Indeed, this tension is already apparent in the characters of Elinor and Marianne, between the older sister's "sense" and the younger sister's "sensibility," the duality which the novel's title refers to. Elinor, age nineteen, is described as having a "strength of understanding" and "coolness of judgment", as well as the ability to govern and control her feelings. She modestly states that she "greatly esteems" Edward Ferrars, a remark typical of her rational, sensible attitude. In contrast, her younger sister Marianne, who more closely resembles their mother, is "everything but prudent." She longs for a man with taste, grace, spirit, and fire in his eyes, and considers her sister cold-hearted in her calm and tempered regard for Edward Ferrars. Their younger sister Margaret, age thirteen, also shares Marianne's excessive romanticism. Elinor thus stands out in her family as the only sensible and rational woman.

The sensibility of Marianne and Mrs. Dashwood manifests itself in their excessive mourning over the deaths of the two men, in contrast to Elinor's more silent grief. Not only are they overcome by sadness at the loss of first Old Mr. Dashwood and then Henry, but they then carry on dramatically about having to leave Norland and move to the smaller cottage. Before departing, Marianne wanders the grounds of Norland uttering a histrionic elegy: "Dear, dear Norland... Oh! happy house... And you, ye well-known trees!" Elinor, however, experiences a far more subdued depression--though she is leaving behind not just her home but also a man she has grown to deeply care for and admire.

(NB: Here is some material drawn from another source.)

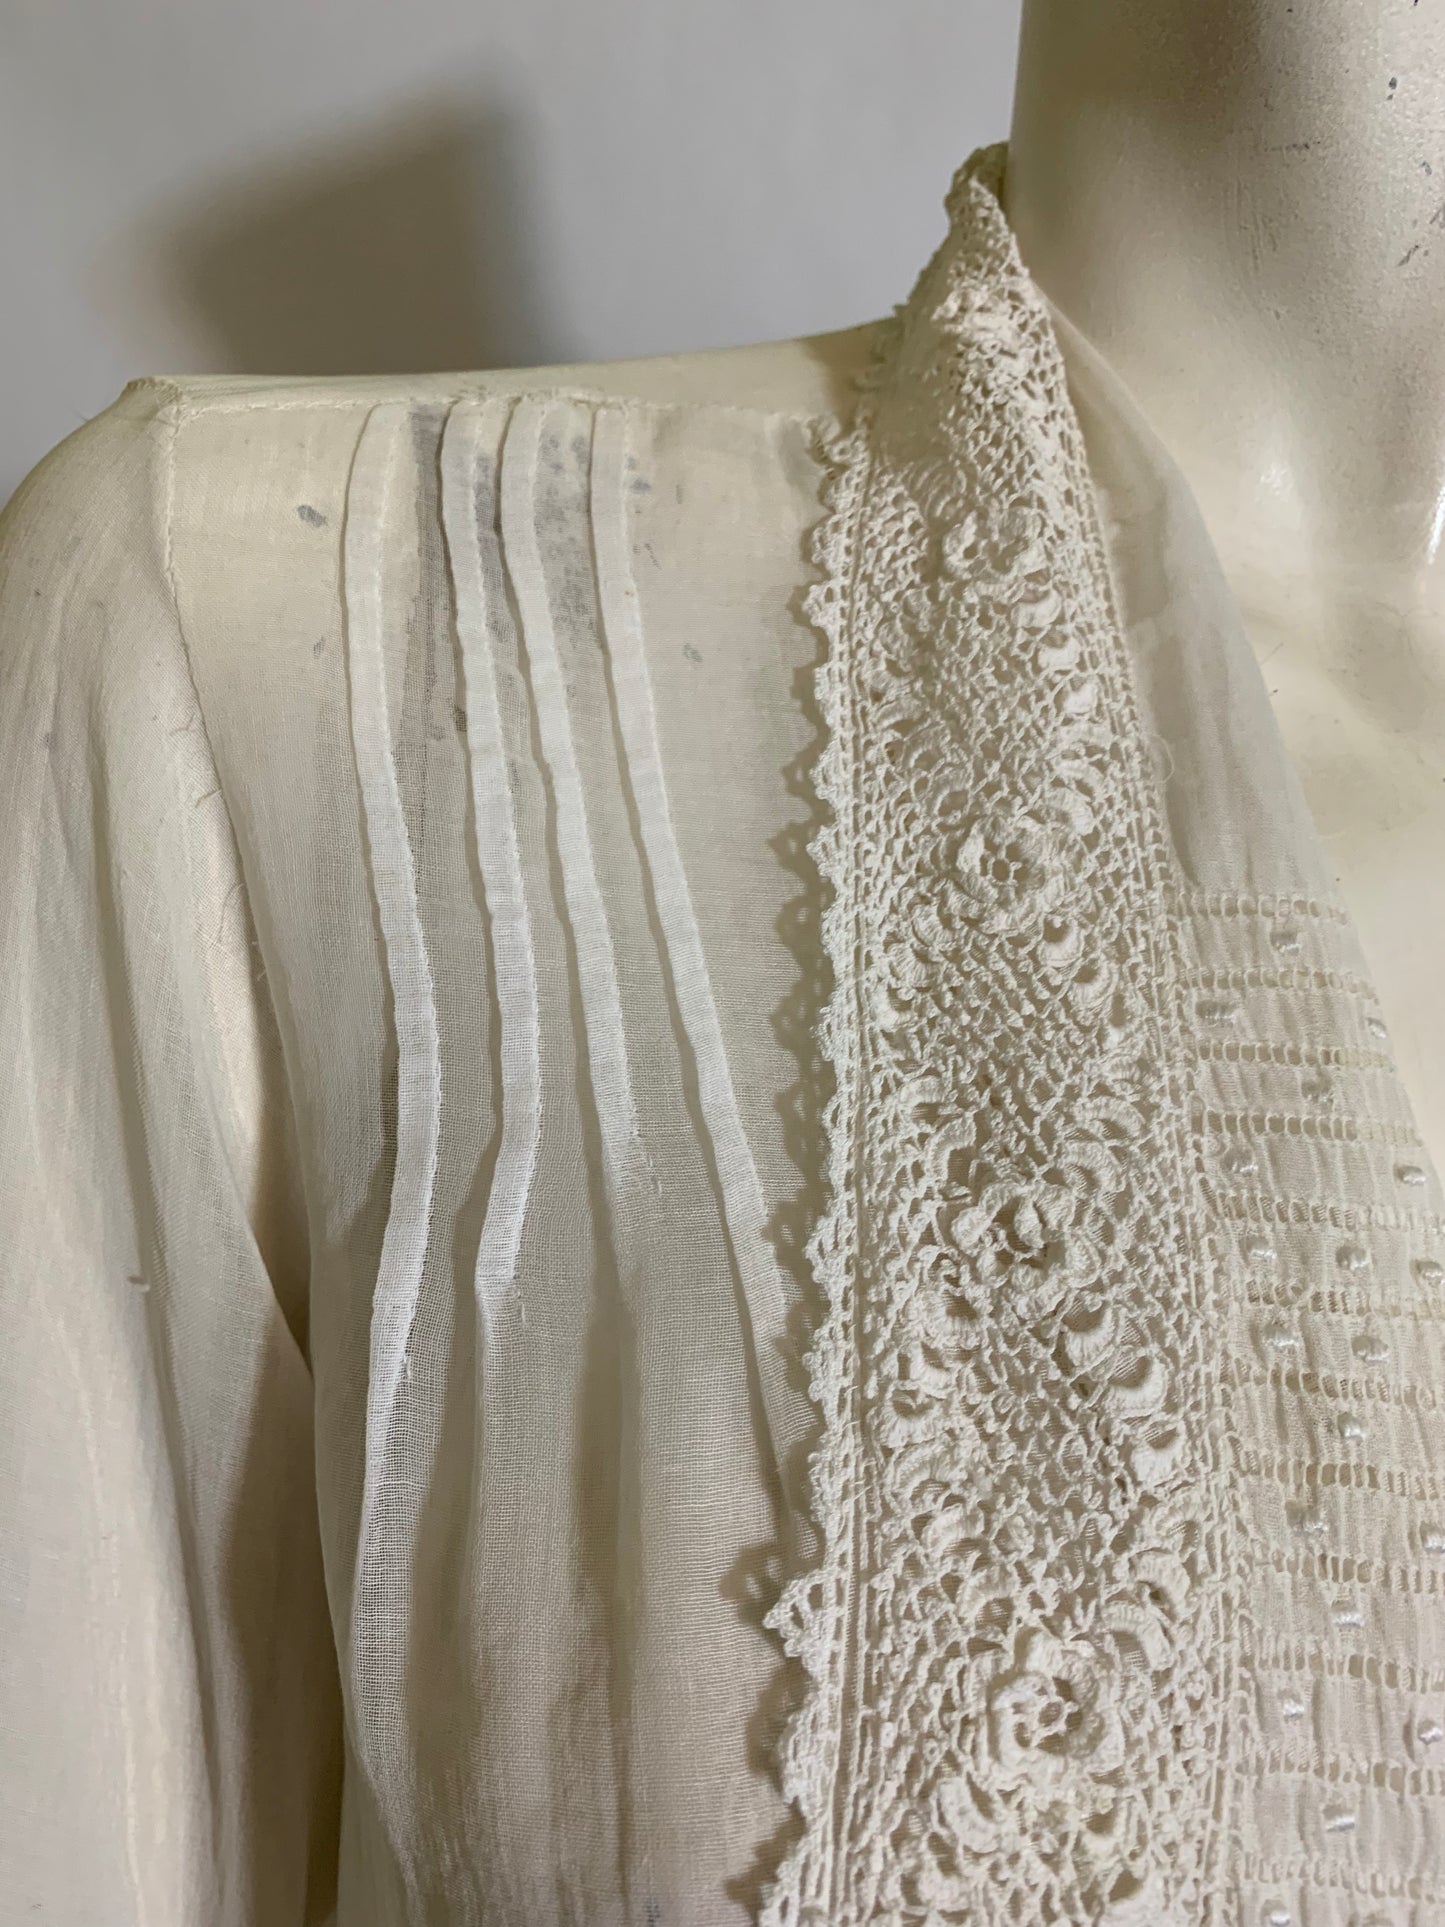 Long Sleeved White Lawn Cotton Blouse with Lace Collar and Embroidery circa 1910s
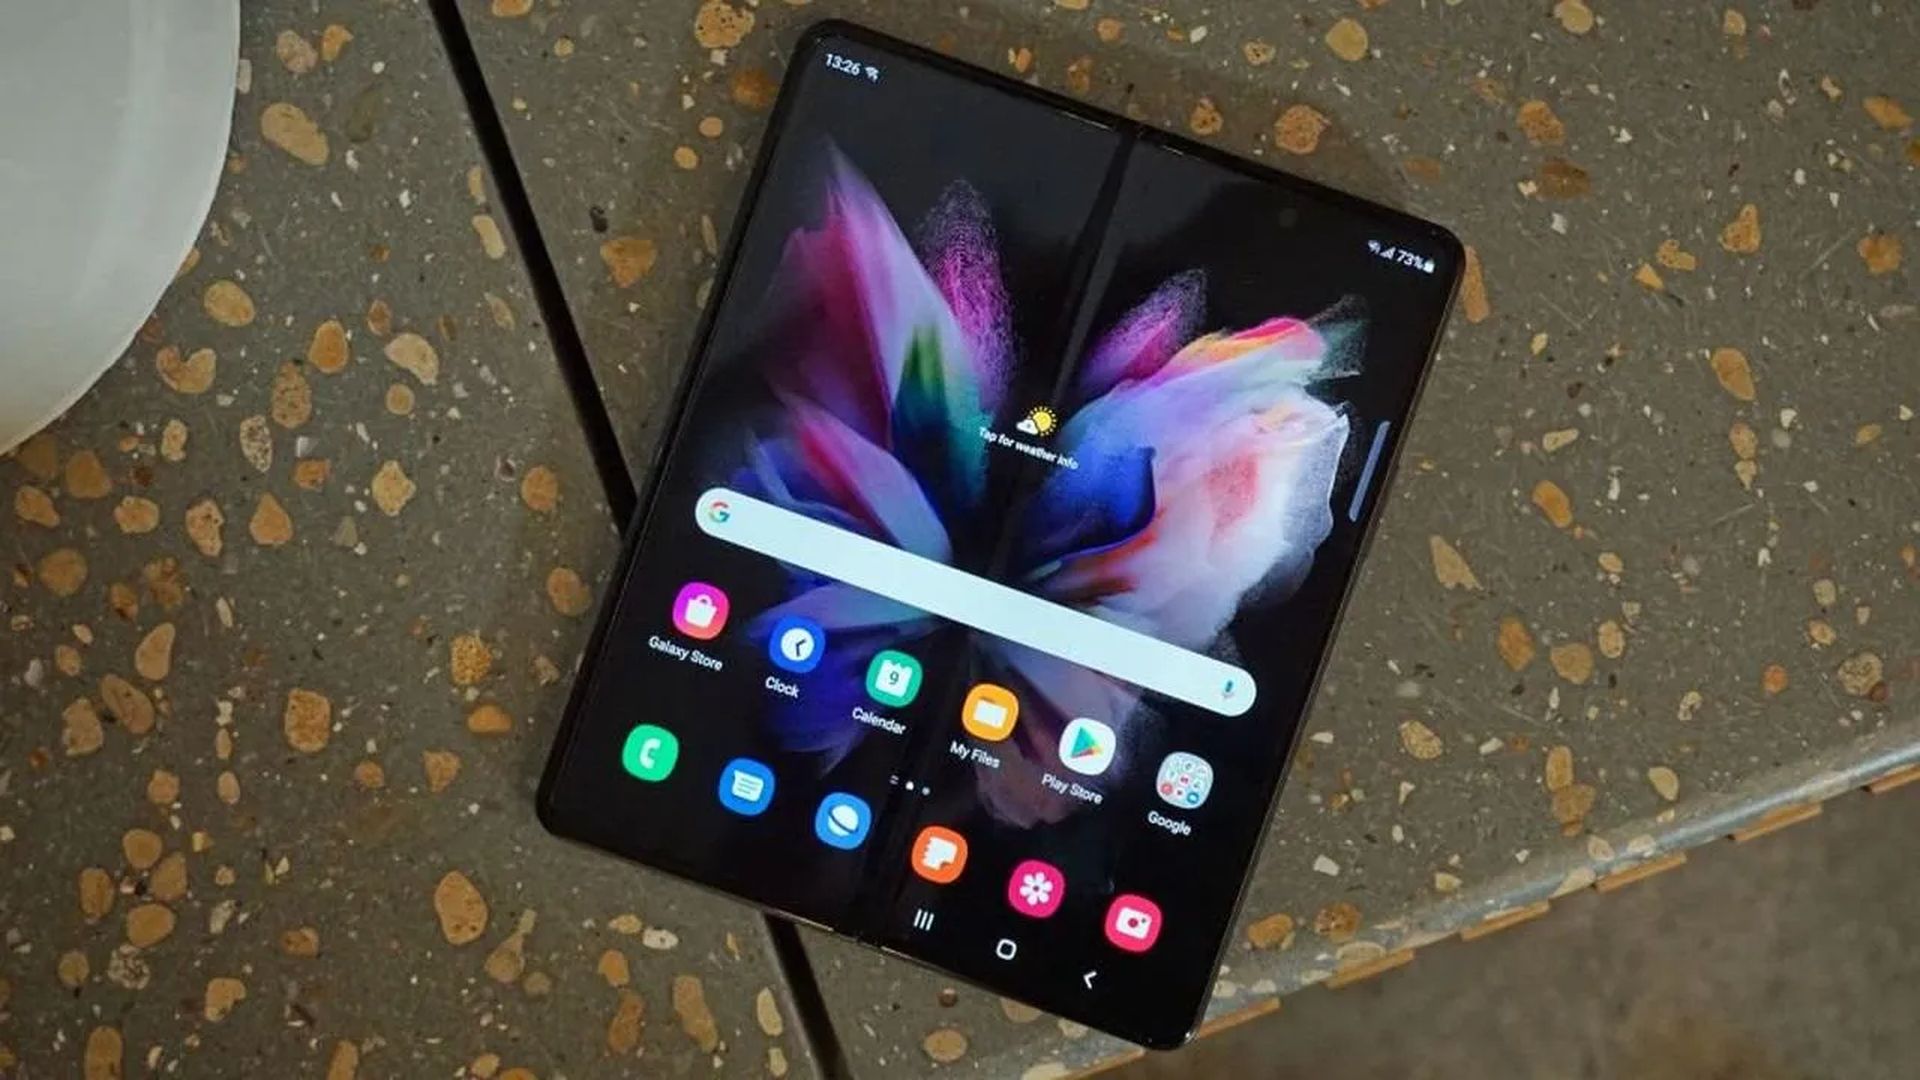 At Samsung Galaxy Unpacked August 2022, the tech giant finally revealed the Galaxy Z Fold 4 after weeks of leaks and rumors. Let's review its specs, price, and release date.

The early chapters also display the wry irony for which Austen is so famous as a novelist. She is unsparingly critical of the characters she dislikes, but conveys her criticism with a pointed subtlety, which makes it all the more forceful. For example, in the opening chapter, Austen sketches the character of John Dashwood in three masterful sentences, achieving a biting acerbity: the author begins elliptically with a double negative, only slyly to refute it: "He was not an ill-disposed young man, unless to be rather cold-hearted and rather selfish is to be ill-disposed..." She then ends the paragraph by explicitly skewering both John and his wife: "Mrs. John Dashwood was a strong caricature of himself; more narrow-minded and selfish." Austen thus relies on understatement and irony to reveal her feelings towards her more disagreeable characters.